Осторожный стук в дверь. Входит мой товарищ. У него странное лицо — словно он внезапно почувствовал нездоровье, уголки губ горько опустились книзу. В руке держит какой-то листок.
Он шарит взглядом где-то вокруг меня, потом его сухие без блеска глаза тусклыми пятнышками замирают на моем лице.
— Ты ведь моряк. Поэтому будь мужествен!
— Не понимаю…
— Видишь ли… — мне кажется, его губы еле шевелятся, с огромным трудом выдавливая слова: — Видишь ли… Пока ты плавал, не стало на свете Юры…
— Какого Юры?
— Твоего брата.
…Я схожу с последней ступеньки трапа, ступаю на причал, иду куда-то.
Города для меня уже не существует, только асфальт дороги под ногами. Она все время упрямо забирается в гору. Где-то я сворачиваю с дороги, и под моими подошвами ступеньки лестницы. Их очень много, их не счесть, потому что квартира на самом верхнем этаже. Знакомая, оббитая потрескавшейся клеенкой, дверь. За ней — мои друзья. Кроме них, у меня никого во всем городе. Мне трудно без них в этот час.
Всего несколько слов, чтобы сообщить им главное. Всего несколько слов в ответ, даже не помню каких, по проступающая в них боль, соединяясь с моей болью, почему-то дает мне силу — я не один.
Потом мы молчим. Потом мне осторожно говорят о чем-то стороннем, потом осторожно задают вопрос — опять же о стороннем, кажется, о нашем рейсе. Потом включают телевизор:
— Посмотри. Как раз начинается второе отделение. Играет Женя.
— Как он здесь очутился?
— На гастролях. После концерта приедет к нам. На ужин. У нас на ужин рыба.
На кухне жарят рыбу, она потрескивает на сковородке.
Я смотрю на экран телевизора, на Евгения Малинина в черном фраке, склонившегося над роялем. Наверное, я не вижу его и, конечно, не слышу.
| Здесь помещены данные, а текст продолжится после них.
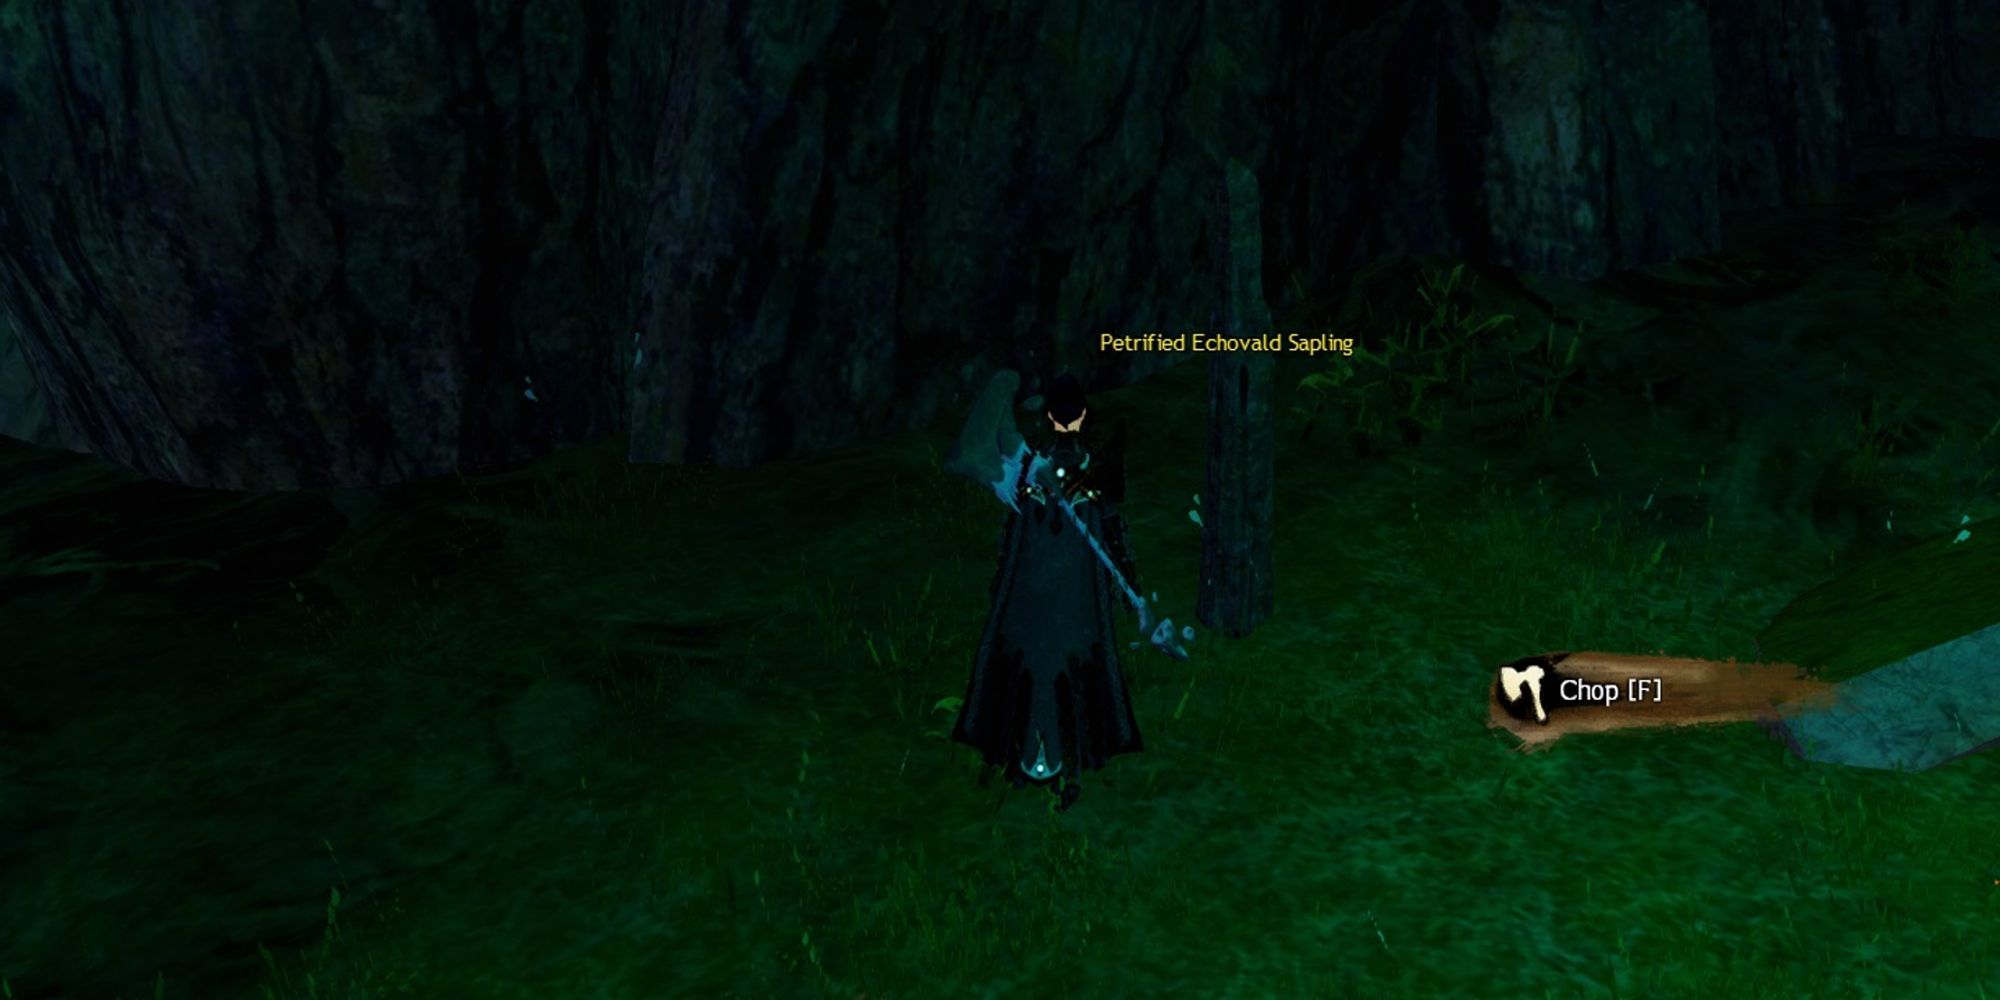 player standing next to a petrified echovald sapling

Даже не слышу аплодисментов, которыми награждает зал знаменитость из Москвы.
Через час он появляется среди нас. Кладет на стол свои неспокойные, с длинными крепкими пальцами кисти пианиста, и я чувствую, как они натружены и как хотят покоя.
Вдруг он встает, бросает задумчивый взгляд в сторону стоящего в гостиной пианино, подходит ко мне, и я чувствую на своем плече осторожное касание его руки.
— Может быть… музыку? А? Я бы сыграл… Только скажи! Что хочешь? Скажи!
— Сыграй! Знаешь что? Сыграй «Лунную сонату».
И снова уйдут корабли…
Вдруг оказались два дня, не занятых делом. Все, что намечал на неделю, отработал. Билет на самолет в Москву на понедельник, и я решил эти два дня отдать бродяжничеству. Феодосия — один из немногих на нашем юге городов, который до сих пор сохранил колорит минувших времен, и так приятны прогулки по его старым кривоватым улочкам с потемневшими от времени домишками, возле которых за покосившимися оградами под кронами акаций шевелится неторопливая провинциальная жизнь. Я заглядывал в мутноватые окна города, как в глаза стариков, они так много видели в прошлом, вдыхал запах цветущих магнолий, он смешивался с запахом недалекого, нагретого солнцем моря, будоражил воображение, вносил в душу томление, ожидание счастливой встречи с кем-то или с чем-то в этом полусонном успокоенном мире.